В одно мгновение появился шанс для моей криминальной карьеры. Прошло несколько лет с тех пор, как Раффлс служил своей стране в этих матчах. Он и не рассчитывал, что его вновь позовут участвовать, и его удовлетворение было чуть меньше, чем его смущение. Матч должен был пройти на «Олд Траффорд» в третий четверг, пятницу и субботу июля, а наше дело было запланировано на вечер четверга, в ночь свадьбы в Восточном Молси. Раффлс стоял перед выбором, которому из двух занятий отдать предпочтение, и в этот раз я помог ему сделать свой выбор. Я уверил его, что в Суррее, во всяком случае, я вполне мог бы занять его место. Более того, я сразу же настаивал на своем предписывающем праве и на его патриотическом обязательстве в этом вопросе. Ради страны и ради меня я умолял дать мне шанс, и на этот раз мои аргументы убедили его. Раффлс отправил телеграмму с согласием за день до начала матча. Затем мы поспешили в Эшер, и он показал мне обходной путь, которым я должен был воспользоваться следующей ночью. В шесть вечера я получил последнюю из многочисленных инструкций из окна вагона-ресторана.
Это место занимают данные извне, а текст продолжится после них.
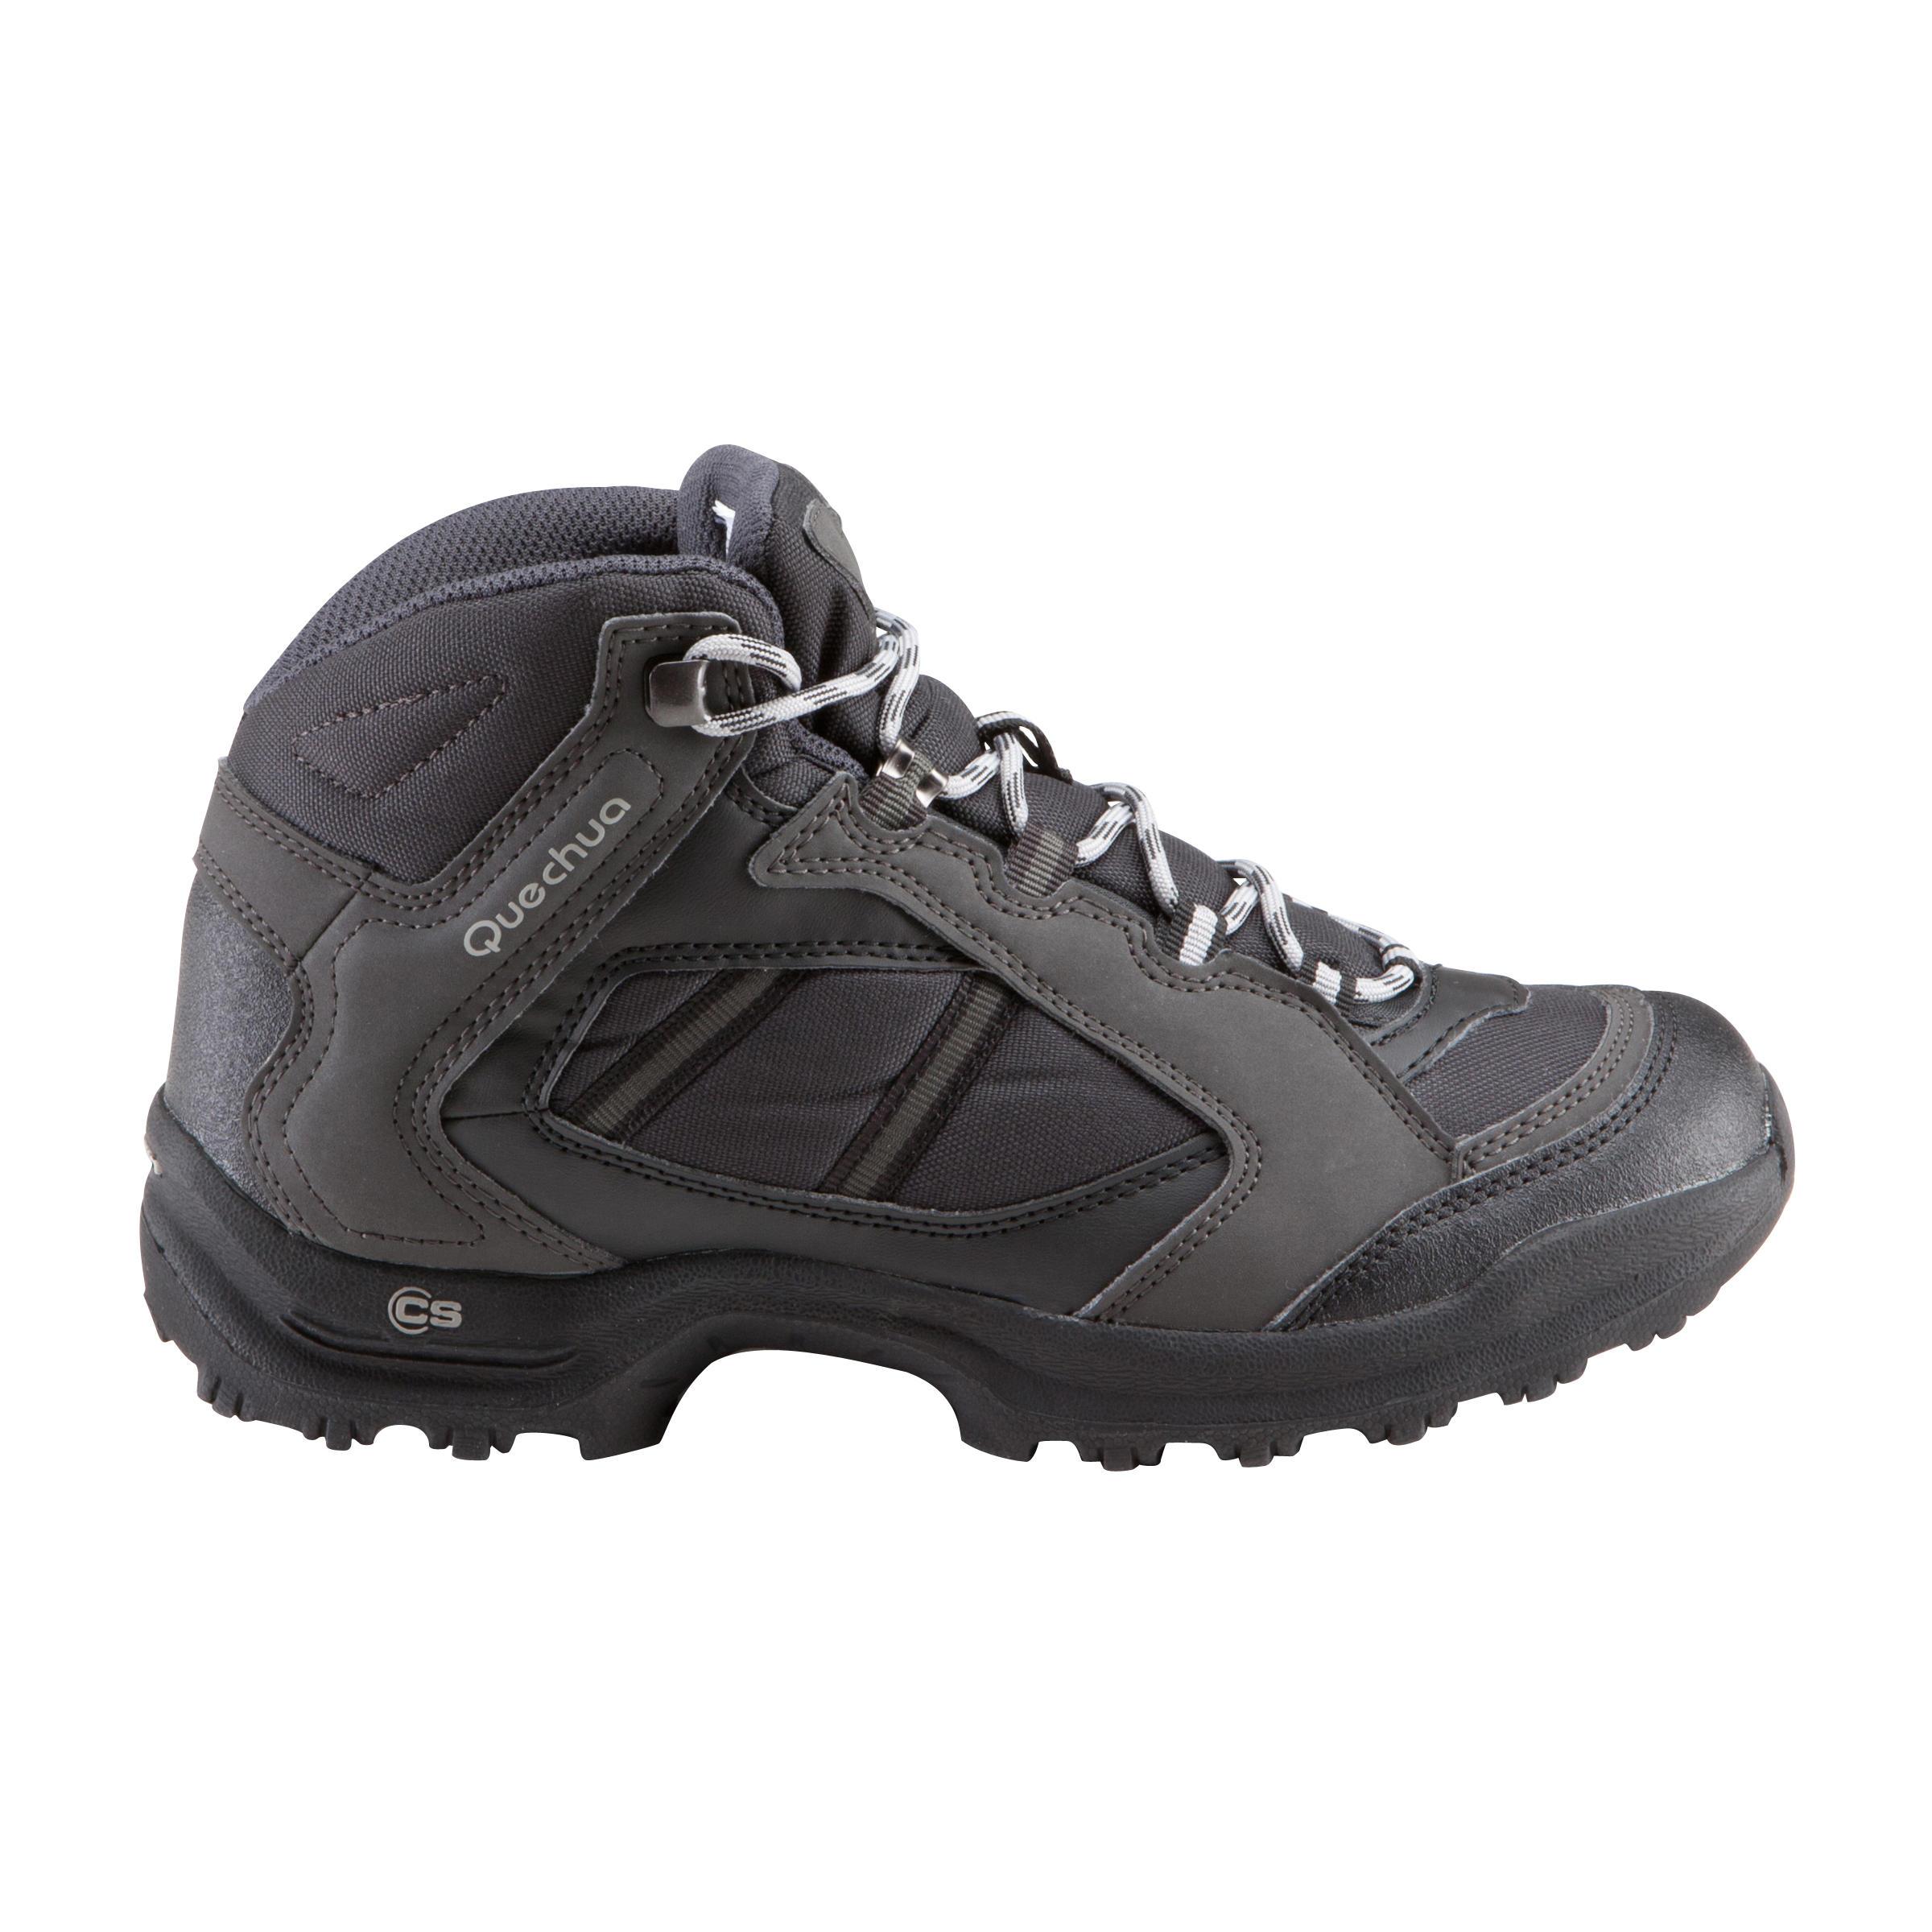 Chaussures de randonnée Nature homme Arpenaz 50 Mid.
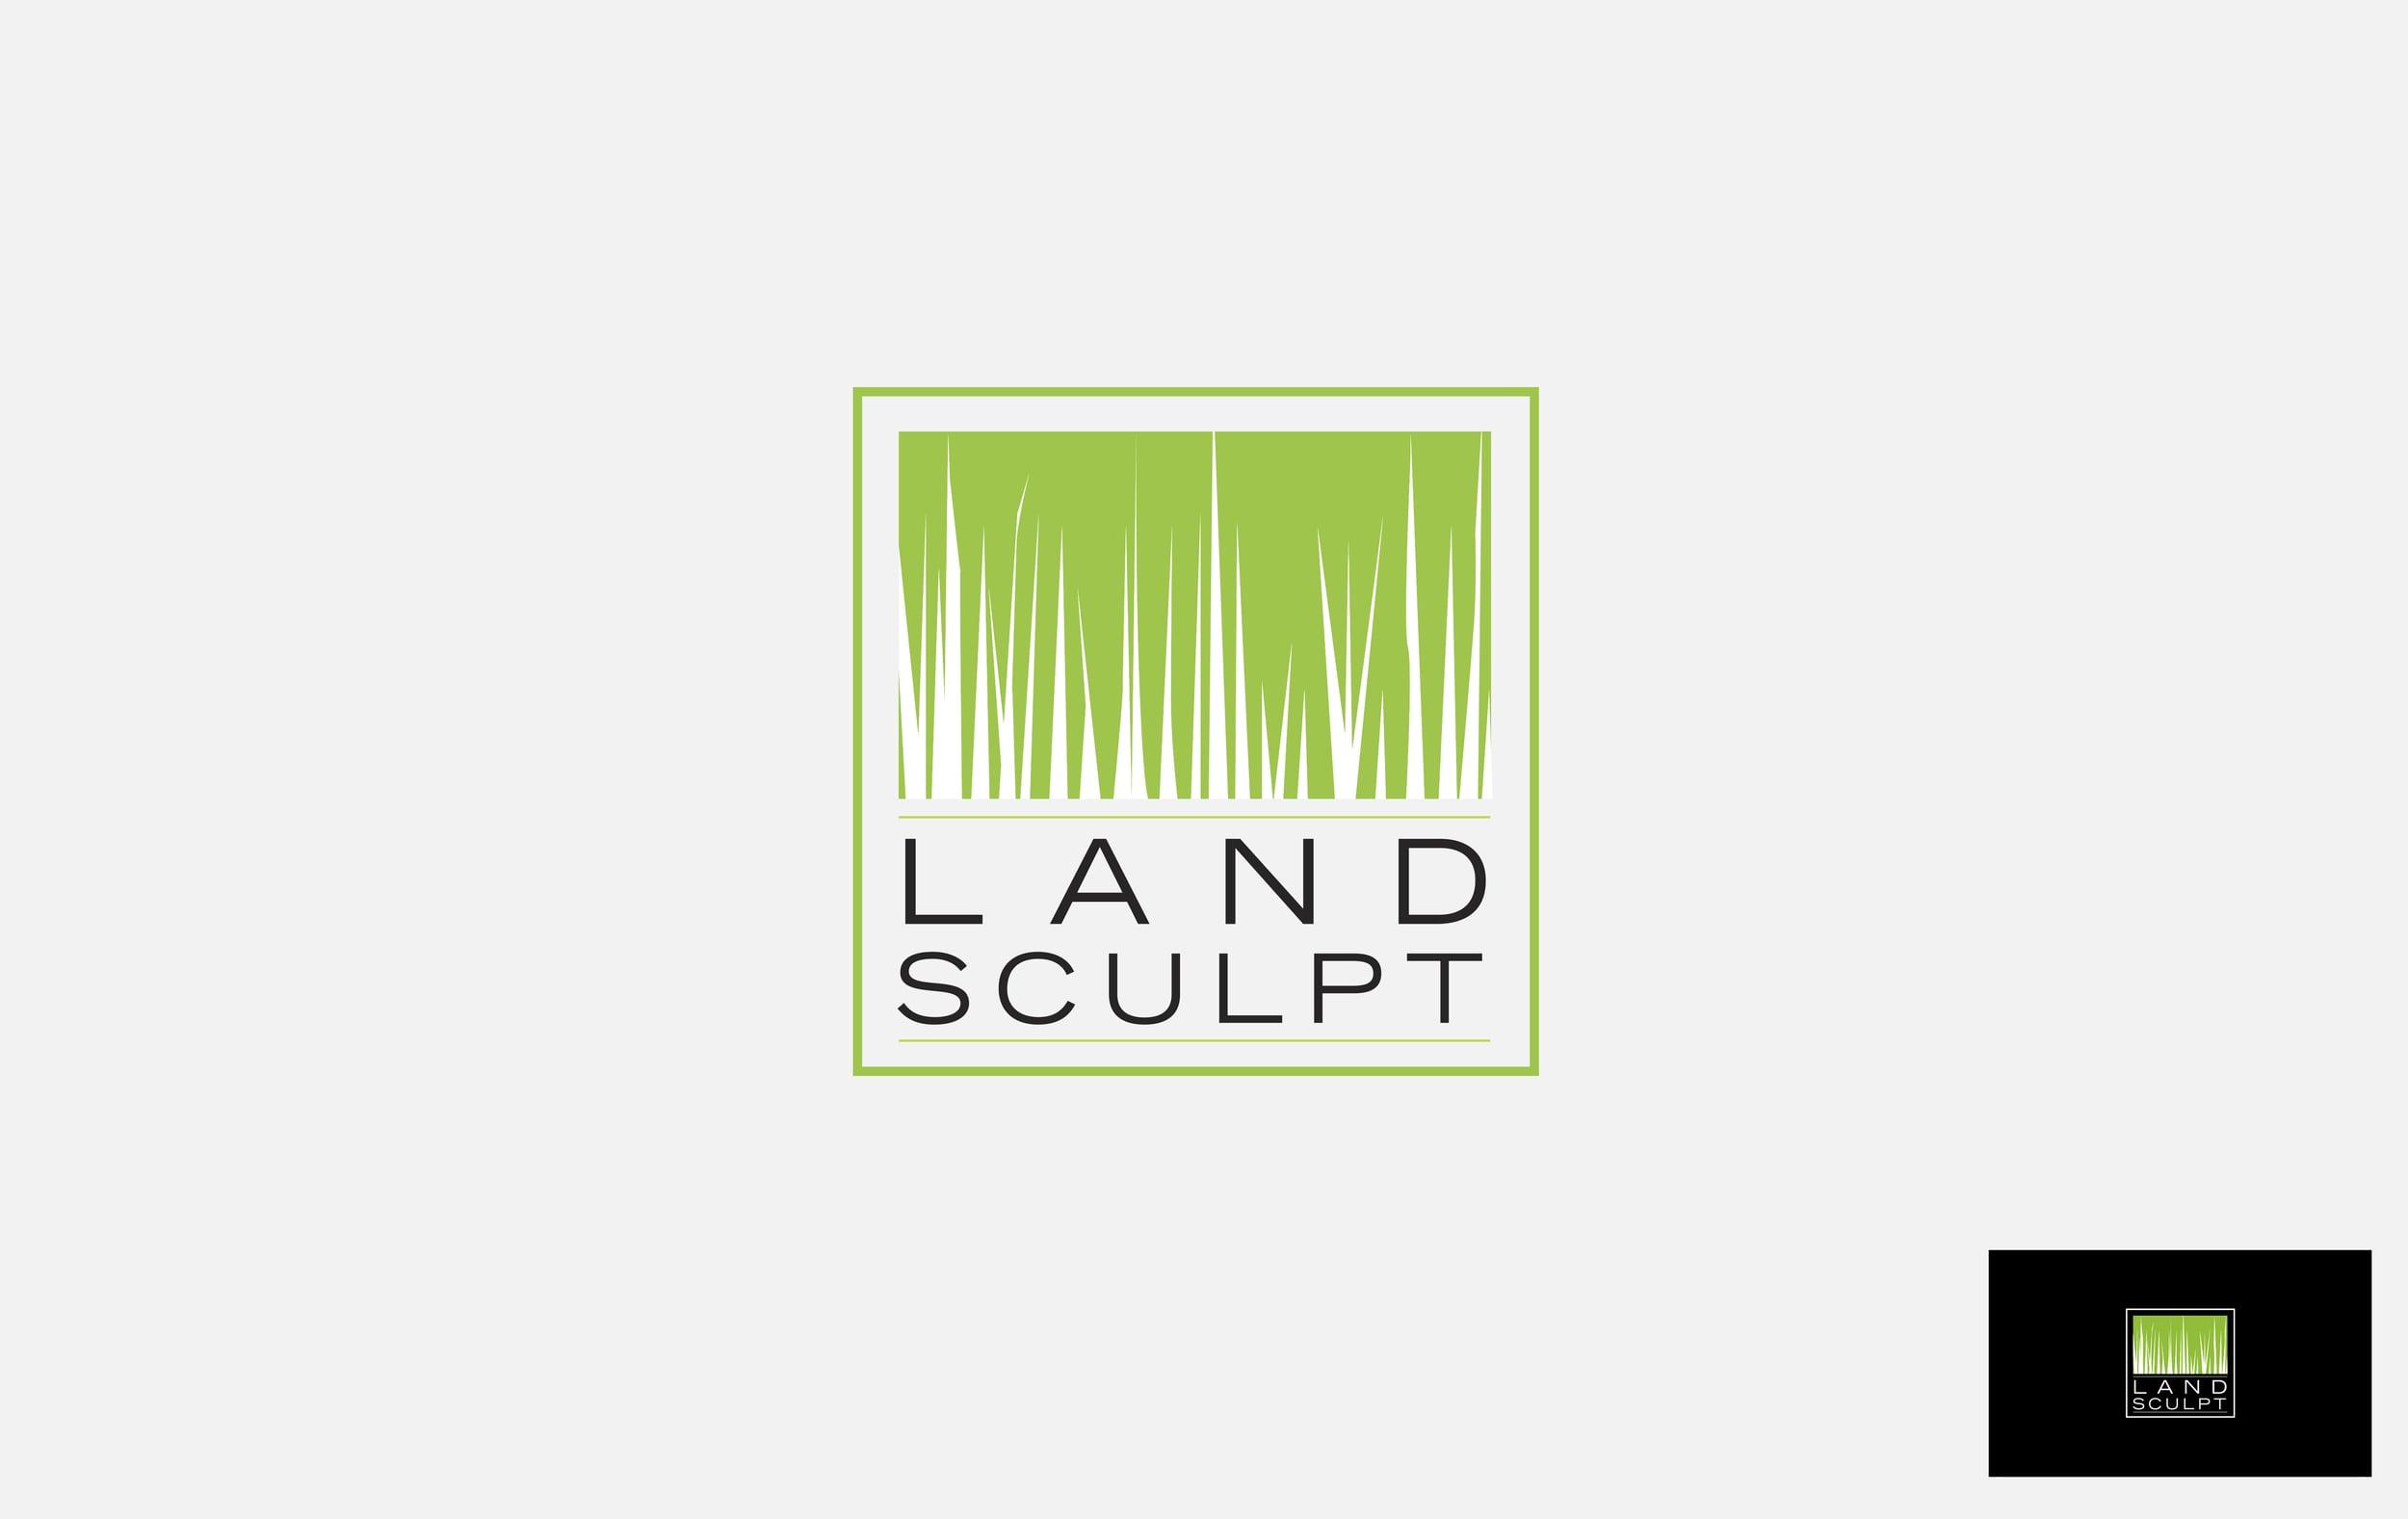 landsculpt.jpg

– Только обещай мне не брать с собой револьвер, – шепотом сказал Раффлс. – Вот мои ключи, где-то в бюро есть дубинка, возьми ее, если хочешь, хотя… я больше боюсь не за твою безопасность, а за безопасность того, на ком ты ее испробуешь!
– Но так веревка может оказаться на моей же шее! – прошептал я. – В любом случае, что бы я ни сделал, Раффлс, я не выдам тебя, и ты поймешь, что можешь положиться на меня и что мне стоит доверять немного больше, а если у тебя есть причина, почему ты не желаешь мне доверять, то скажи об этом сейчас!
Я был полон решимости узнать, в чем дело, но его поезд уже отходил от Юстона, поэтому мне оставалось лишь следить за выражением его лица и поднятыми бровями, а затем мрачно повернуться к нему спиной. Я видел в его глазах страх за меня, и ничто не могло сделать меня более бесстрашным, чем его опасения. Раффлс был не прав в отношении меня все эти годы, и мне наконец-то представился шанс доказать ему это. Я раздражался, поскольку он не верит, что я смогу действовать хладнокровно и спокойно, хотя на то не было причин, и я еще никогда не подводил его в нужный момент. Я был предан ему независимо от трудностей и риска. Во многих опасных ситуациях я был тверд, как и сам Раффлс. Я был его правой рукой, и он никогда не сомневался, отдавая мне роль своего орудия в его руках. На этот раз, во всяком случае, я не буду ни тем ни другим. На этот раз мне выпало быть дублером, которому наконец-то досталась главная роль, и хотелось бы думать, что Раффлс понимал, с каким рвением я бросился исполнять эту роль.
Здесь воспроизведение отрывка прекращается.